Exercise data:
+ + + + + + +
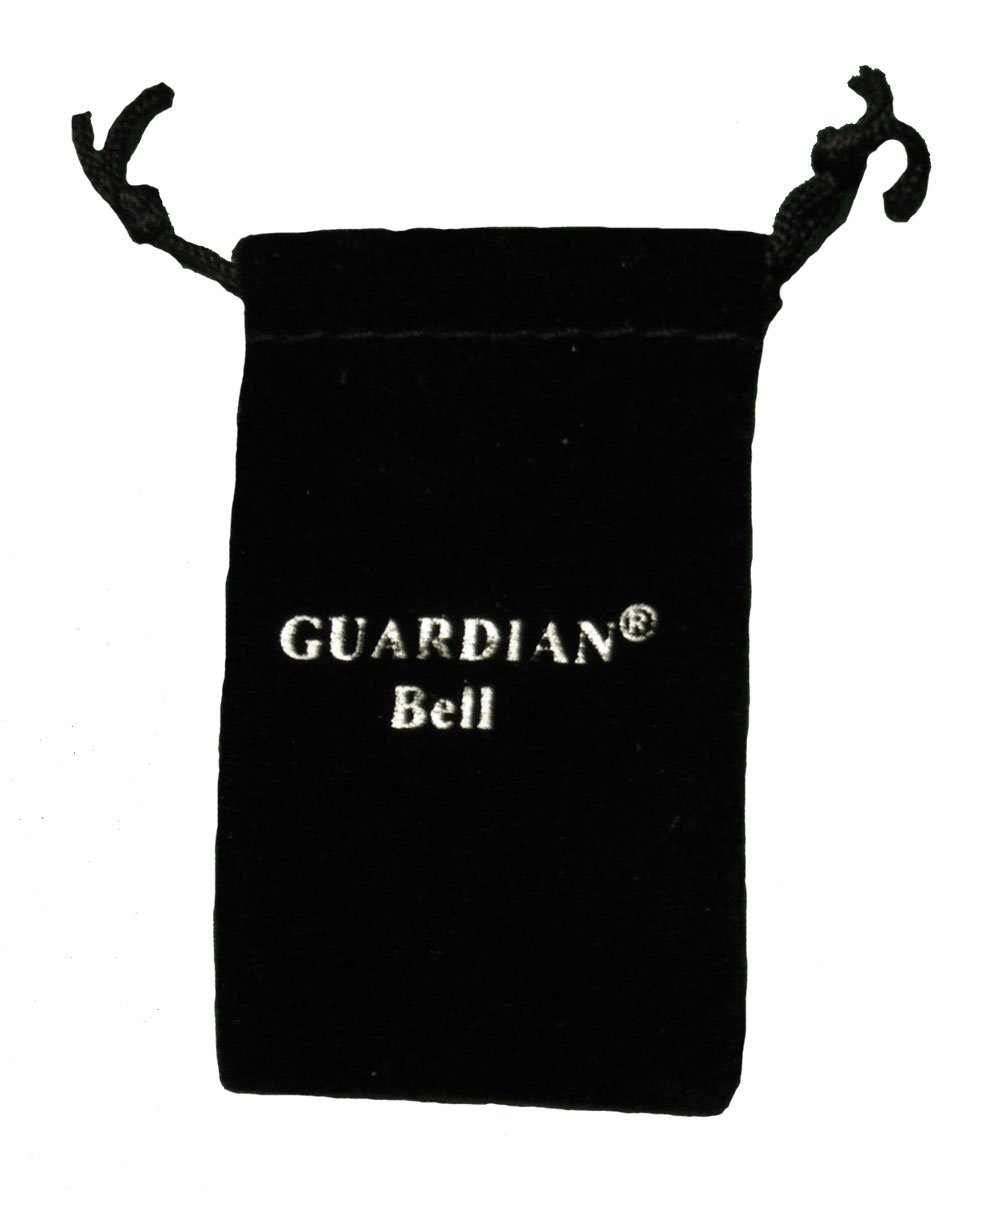 Guardian® Mustang Horse Motorcycle Biker Luck Gremlin Riding Bell or Key Ring
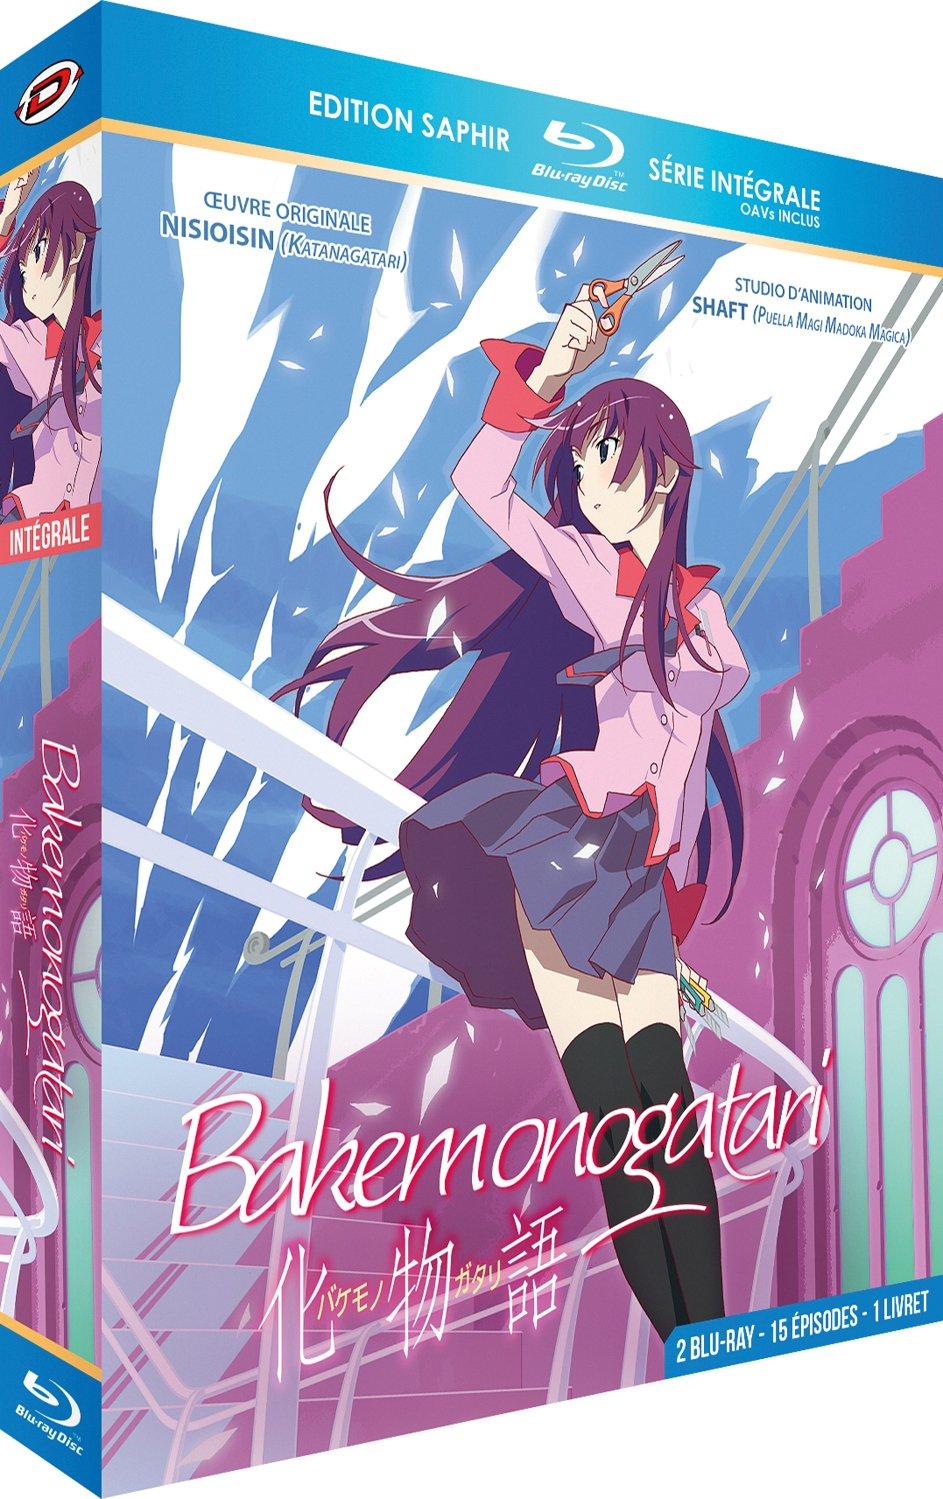 Bakemonogatari-bluRay
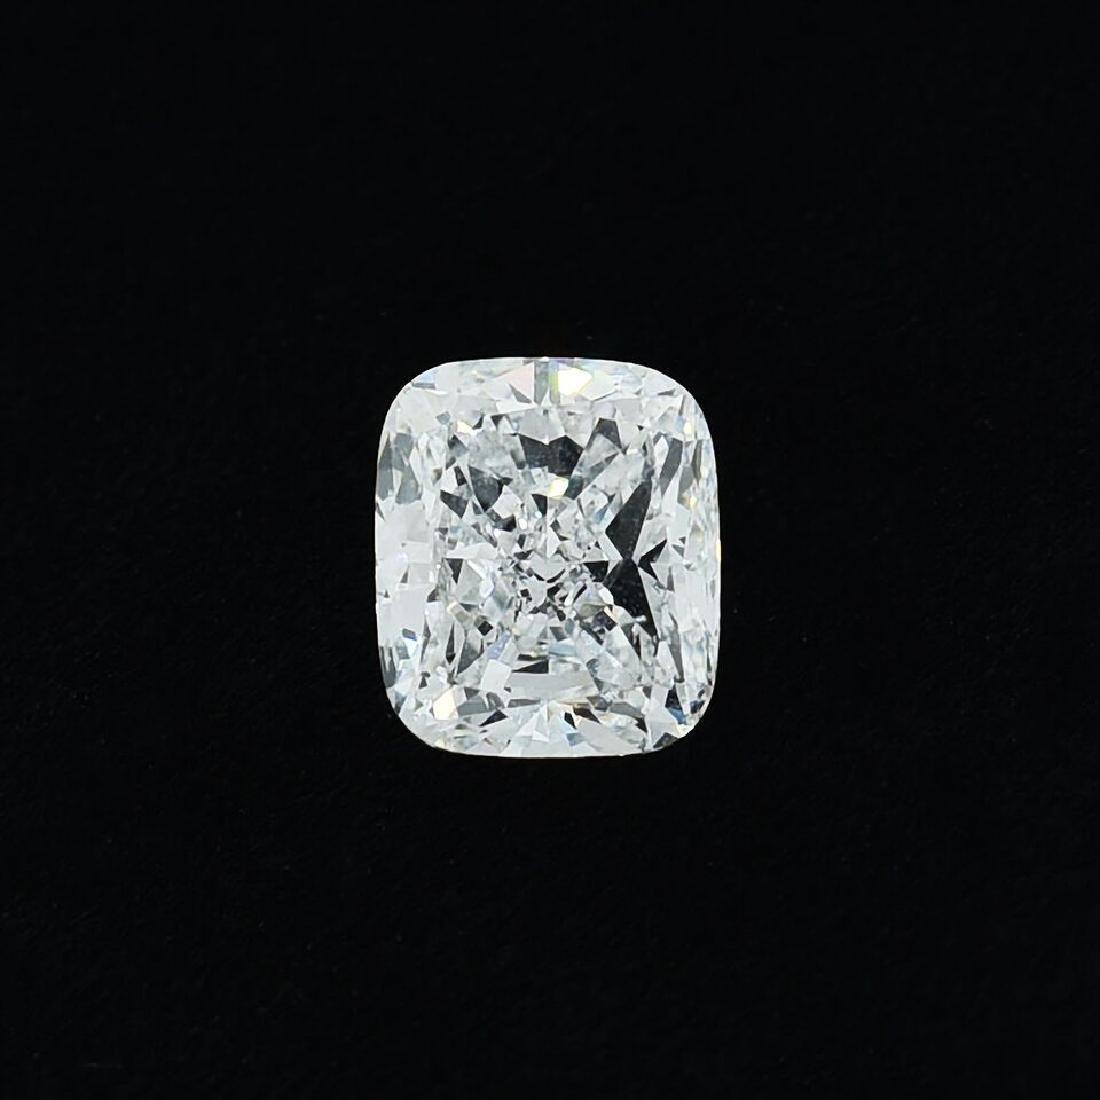 2.01ct VS2 Clarity Diamond Loose Stone (GIA Certified)
+ + + + + + +
Task instructions: Each line of the listing above should be retyped exactly, with no pictures.

Problem solution:
 Guardian® Mustang Horse Motorcycle Biker Luck Gremlin Riding Bell or Key Ring
 Bakemonogatari-bluRay
 2.01ct VS2 Clarity Diamond Loose Stone (GIA Certified)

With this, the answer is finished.